# lighting suggestions



## cichlidor (Oct 8, 2009)

where is the best place (store or online) to buy aquarium lighting?


----------



## df001 (Nov 13, 2007)

I would submit that it is dependent on what you are looking for, and how you quantify "best" price? availability? service? etc.

Are you looking for a T5HO fixture? a LED fixture?


----------



## cichlidor (Oct 8, 2009)

im looking for a 48" quad T5HO fixture.thanks for the quick reply.


----------



## CanadaPleco (Sep 7, 2009)

I've got one for sale. $120. Odessa quad t5ho with built in timers.


----------



## cichlidor (Oct 8, 2009)

CanadaPleco said:


> I've got one for sale. $120. Odessa quad t5ho with built in timers.

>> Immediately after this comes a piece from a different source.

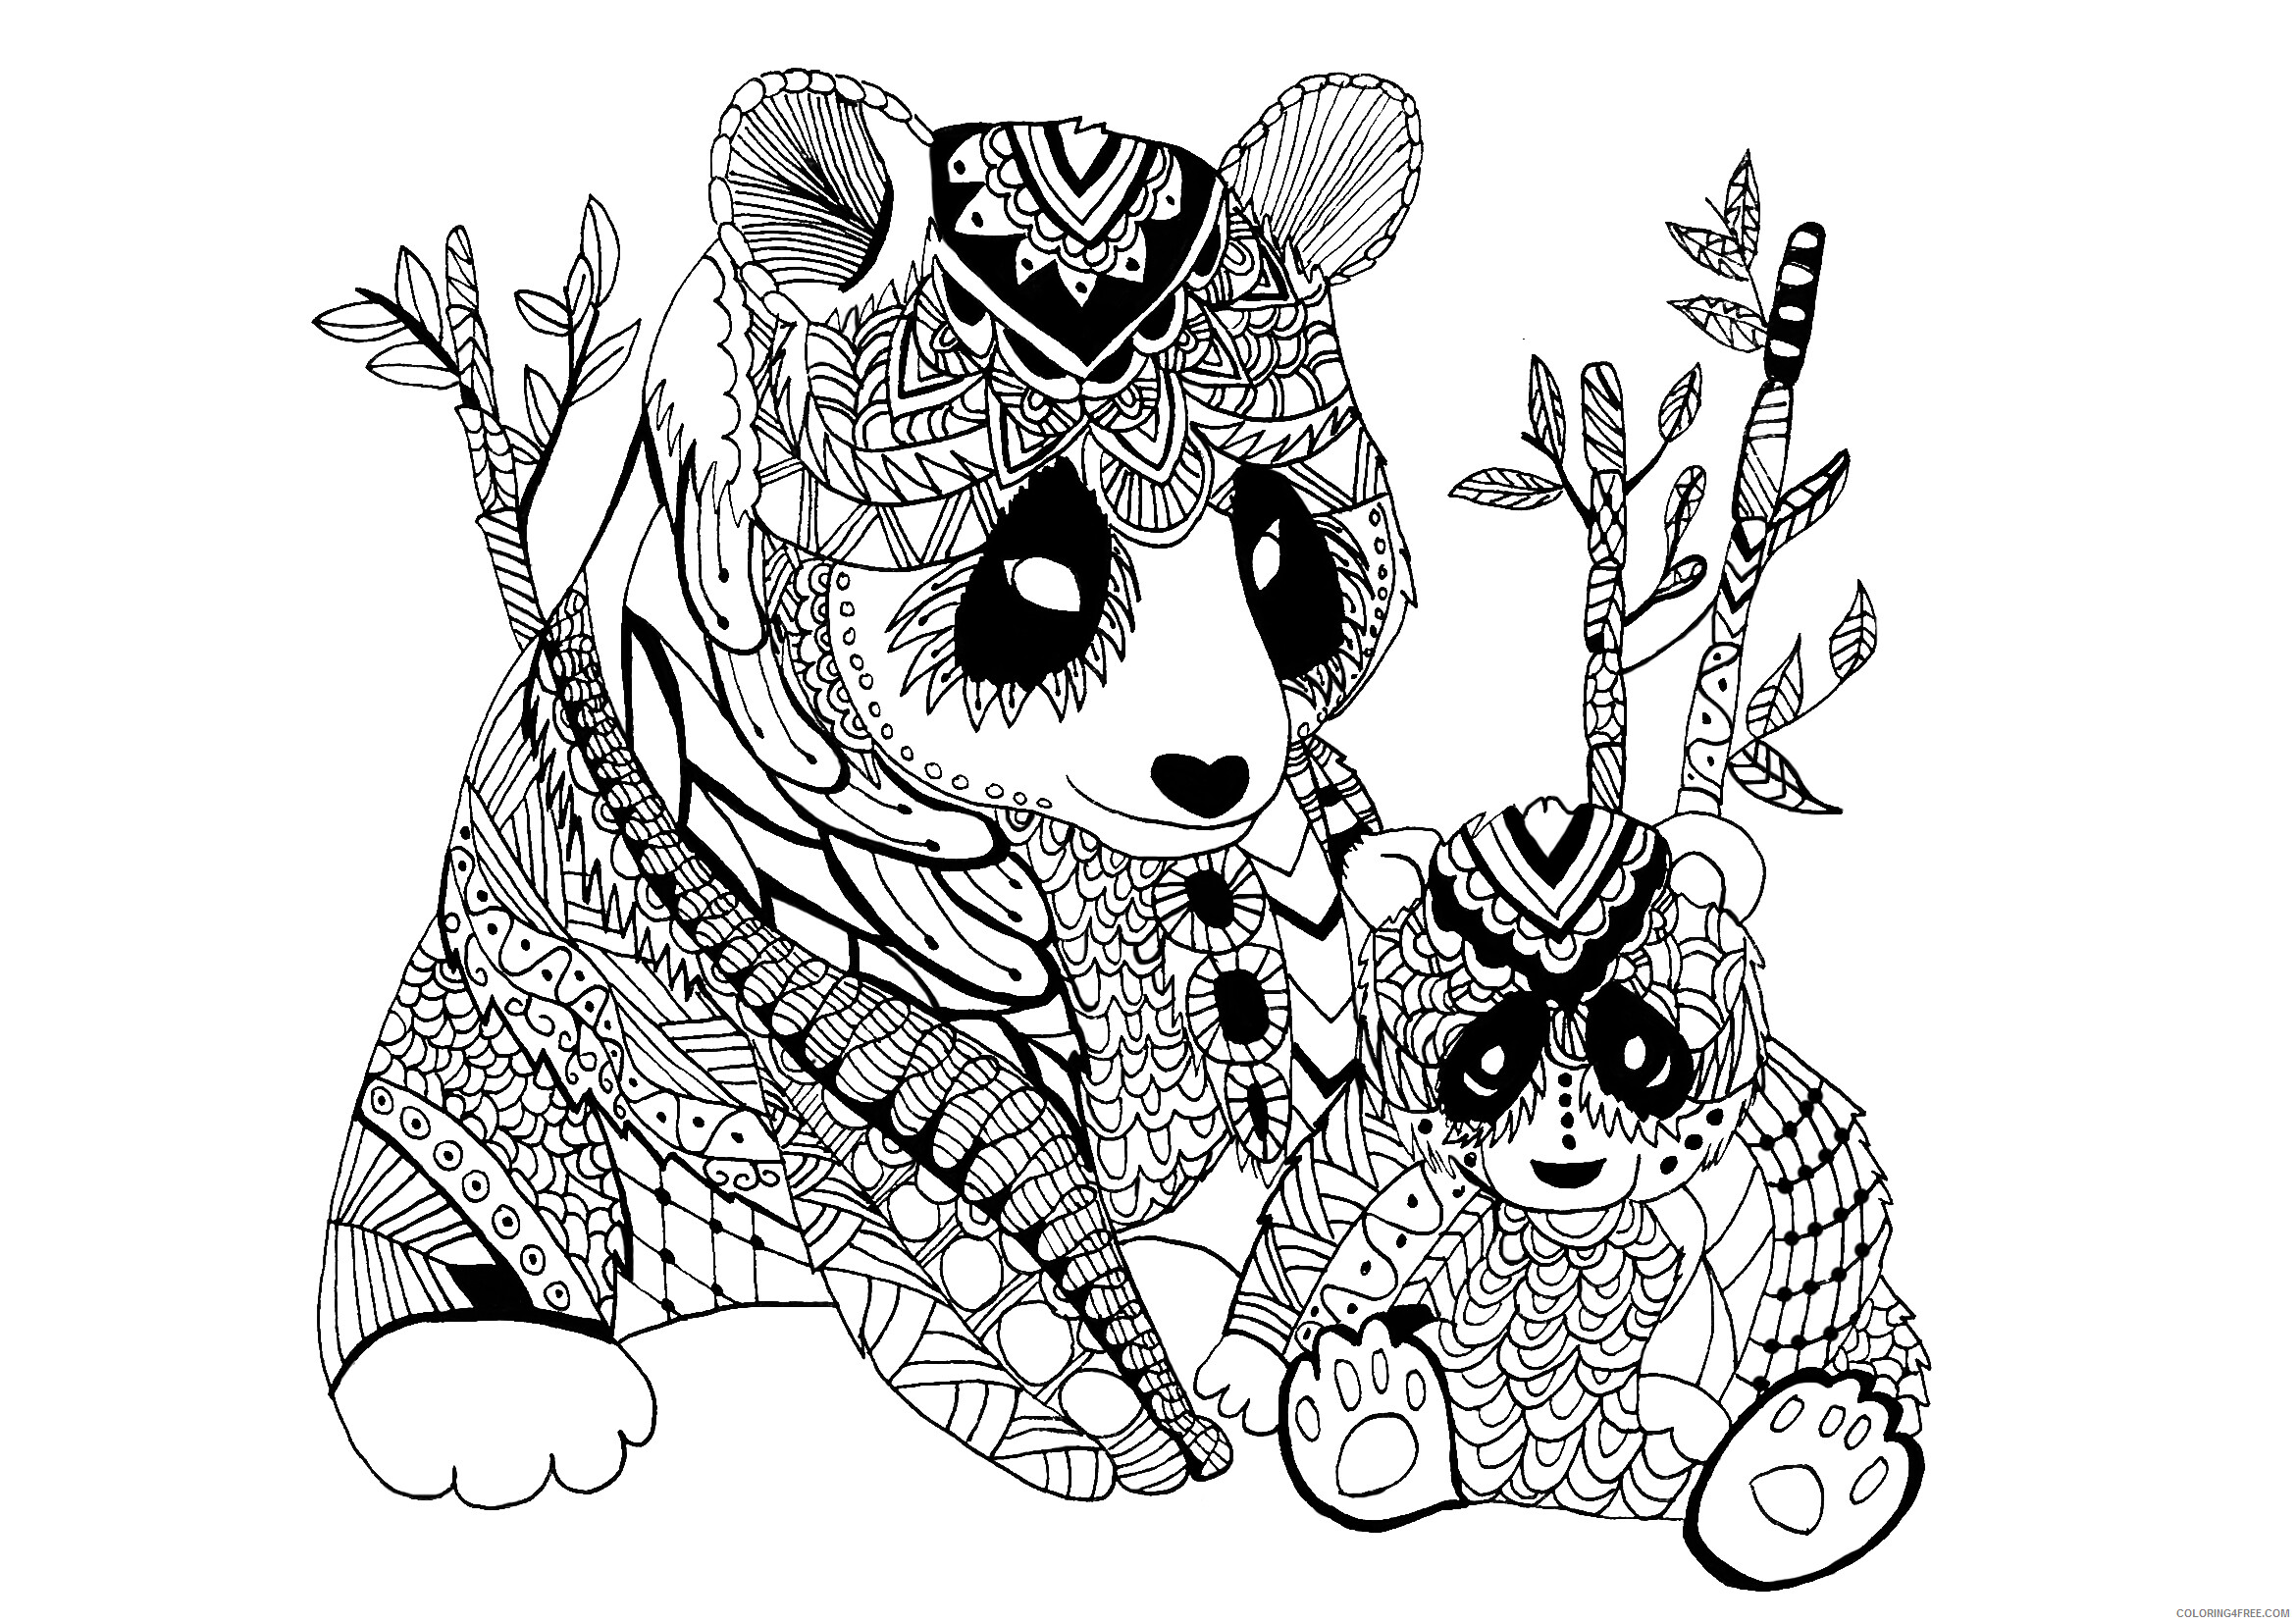 Animal Zentangle Coloring Pages adults panda zentangle celine Printable 2020 154 Coloring4free

Problem is i dont drive.i dont even know where haliburton is.but if your willing to deliver or meet then im in


----------



## CanadaPleco (Sep 7, 2009)

I may be in the city later this week, I will let you know.


----------



## cichlidor (Oct 8, 2009)

Sure!thanks.


----------



## cichlidor (Oct 8, 2009)

Can you tell me info about the light fixture like what comes with it and how long have you had it.


----------



## CanadaPleco (Sep 7, 2009)

Had it less then a year. Not sure what bulbs are in it but its freshwater. Haven't used it much.


----------



## Vinoy Thomas (Jan 4, 2013)

eBayyyyyyy!!!

Cheapest place to get lights.

Just my opinion though.

Sent from my iPhone using Tapatalk


----------



## TankCla (Dec 31, 2010)

www.aquatraders.com


----------